The straight guys at the Stranger call me faggot all the time. Please come mace them.

Sorry, FITS. I should have said: Yes, yes—go to Comeback. Unless you're an old fag, it seems. Thank God I'm still 34.

Is the use of "faggot" or "fag" like the use of "nigger" or "nigga?" That is to say, circumspectly...?

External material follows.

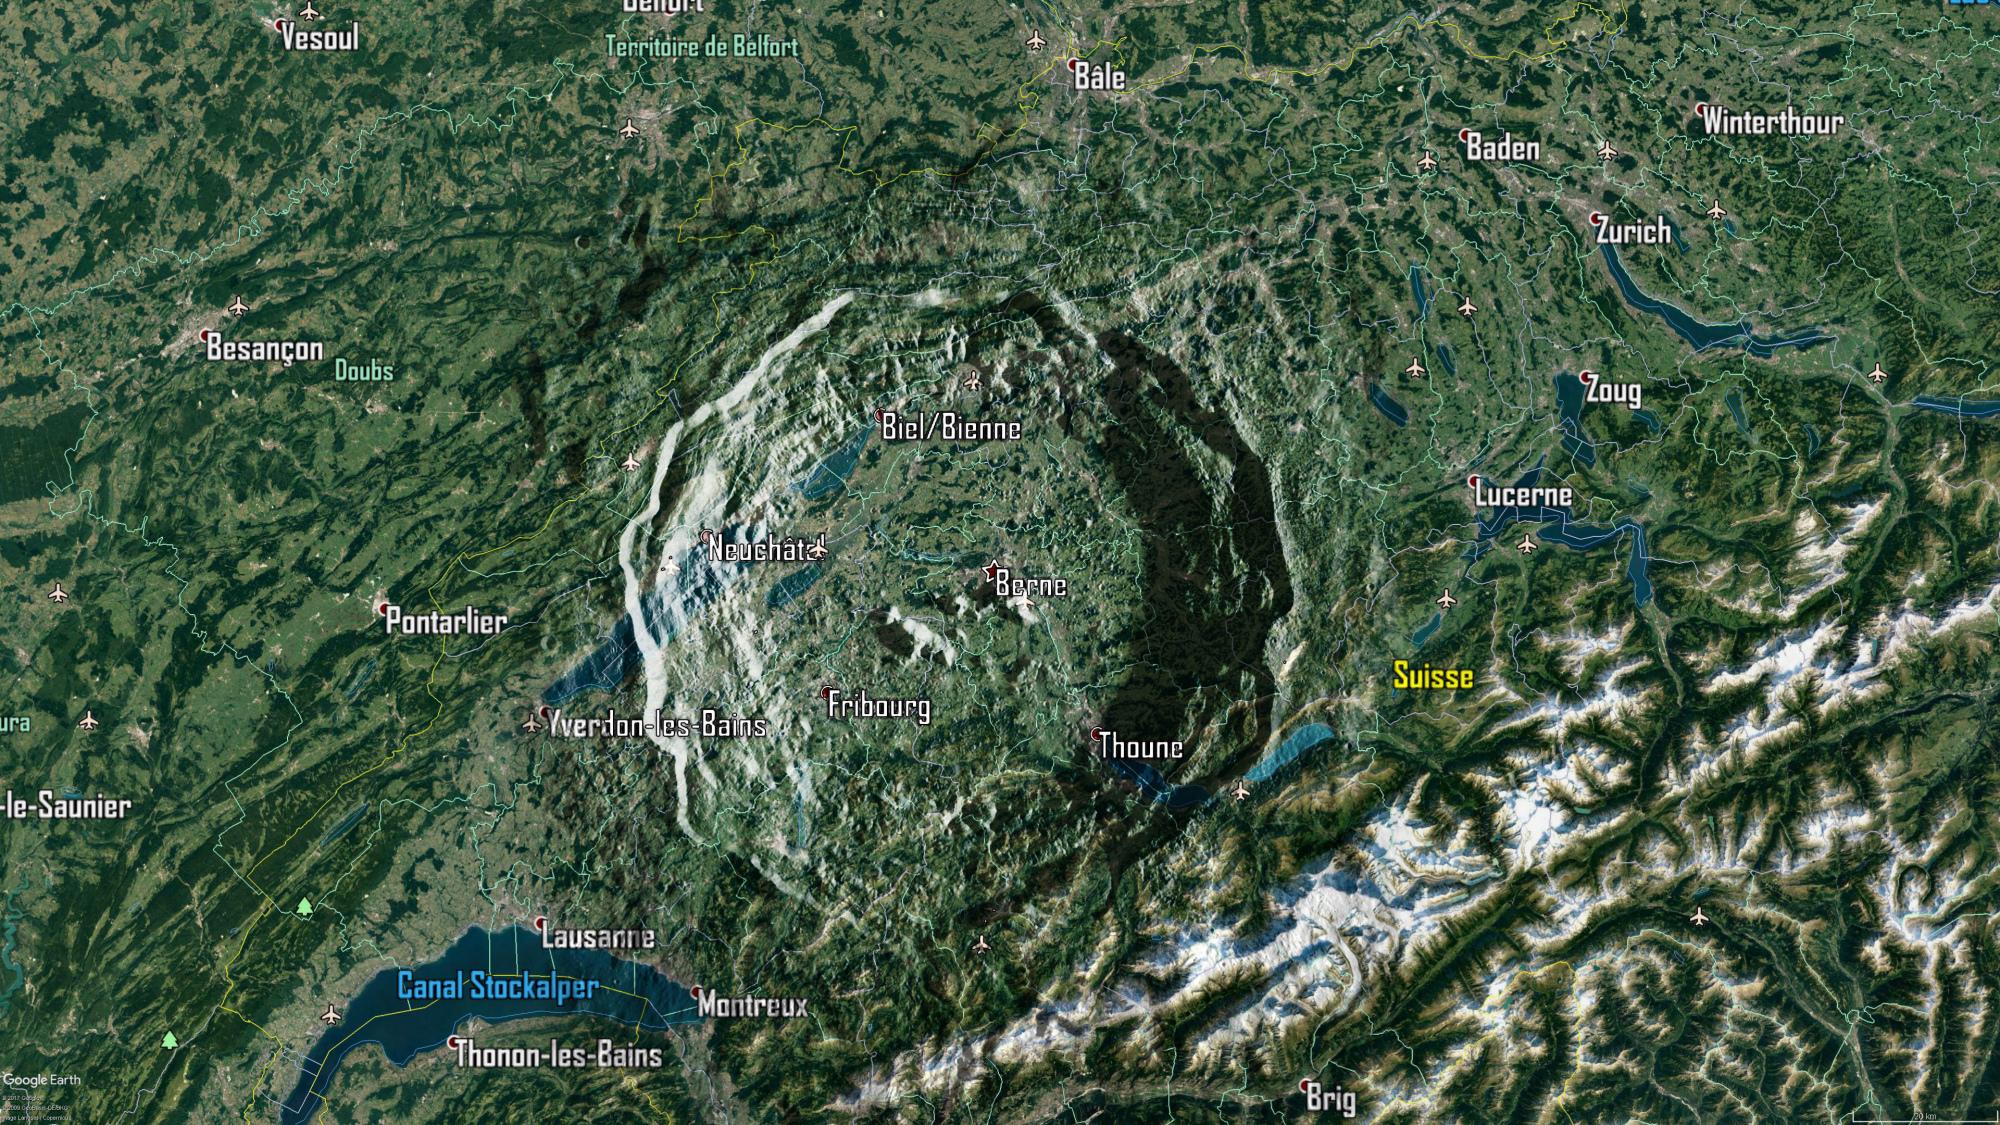 Suisse-Berne.jpg
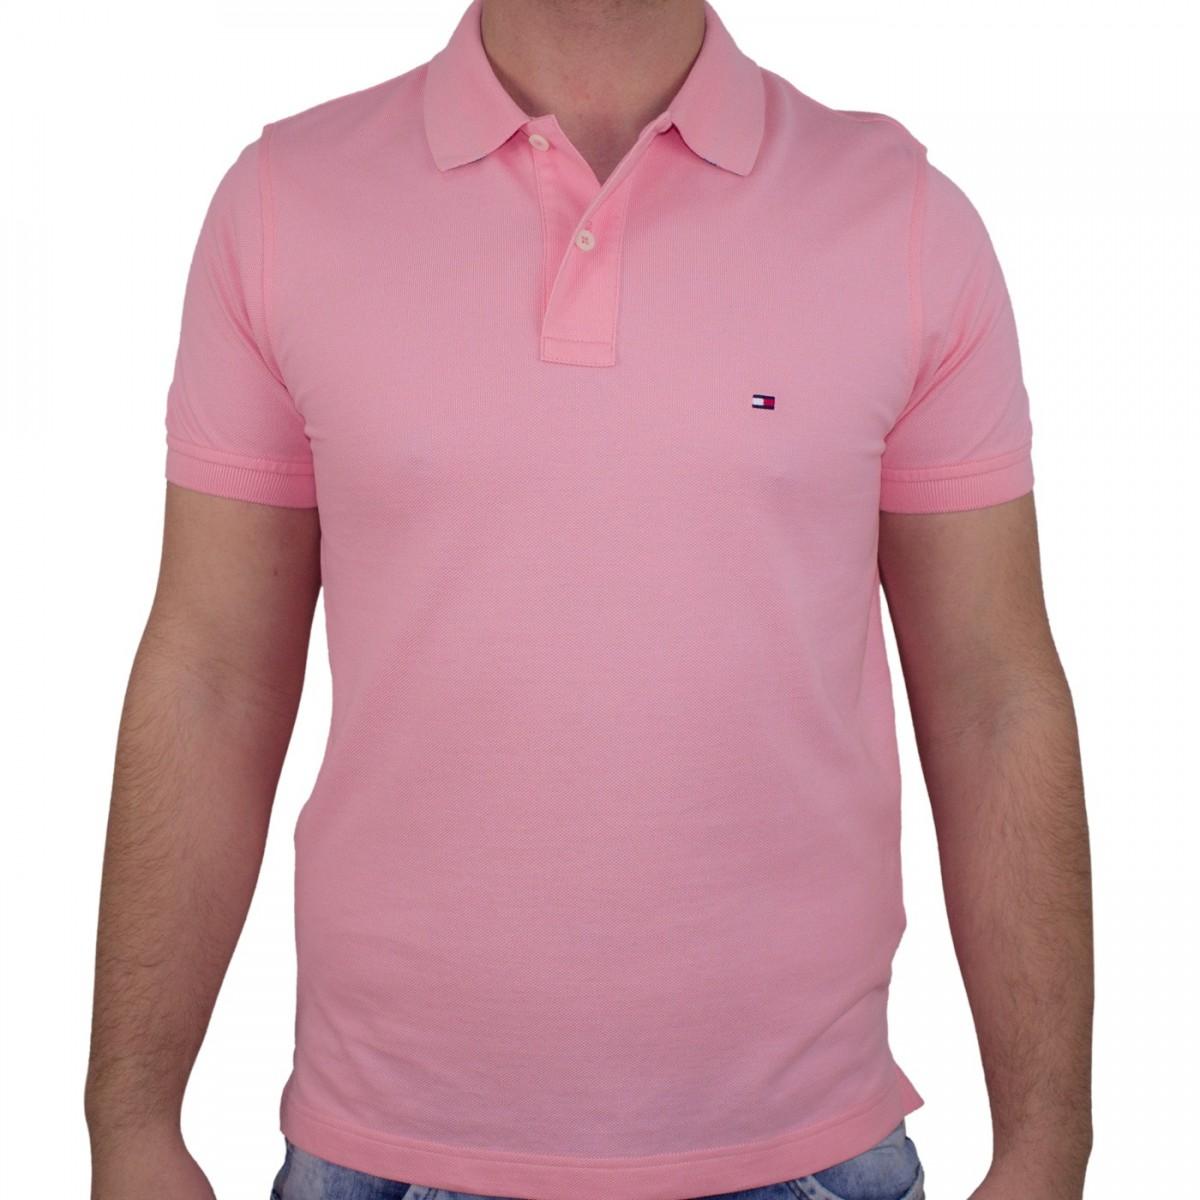 44e21b862 Bizz Store - Camisa Polo Masculina Tommy Hilfiger Slim Manga Curta

Here's what Google has to say on the etymology of "faggot": faggot (1)
1279, "bundle of twigs bound up," from O.Fr. fagot "bundle of sticks," from It. faggotto, dim. of V.L. *facus, from L. fascis "bundle of wood" (see fasces). Esp. used for burning heretics (a sense attested from 1555), so that phrase fire and faggot was used to mean "punishment of a heretic." Heretics who recanted were required to wear an embroidered figure of a faggot on their sleeve, as an emblem and reminder of what they deserved.

faggot (2)
"male homosexual," 1914, Amer.Eng. slang (shortened form fag is from 1921), probably from earlier contemptuous term for "woman" (1591), especially an old and unpleasant one, in reference to faggot (1) "bundle of sticks," as something awkward that has to be carried (cf. baggage). It was used in this sense in 20c. by D.H. Lawrence and James Joyce, among others. It may also be reinforced by Yiddish faygele "homosexual," lit. "little bird." It also may have roots in Brit. public school slang fag "a junior who does certain duties for a senior" (1785), with suggestions of "catamite," from fag (v.). This was also used as a verb.

In this (ahem) light, I think the term is best left to faggots themselves.

So alright then, all you gay-friendly straights, SLOG has spoken.

Let that bar next door to the ol' Comet, the one with the sign reading: "SUGAR" forever be known as: "That new bar next to the Comet that is SO GAY that even Dan Savage calls it Fagbar."

Kind'a the way we refer to Manray as “that place with the really gay name.” Not to be confused with the Honeyhole, which is “that place with the really lesbian sounding name”.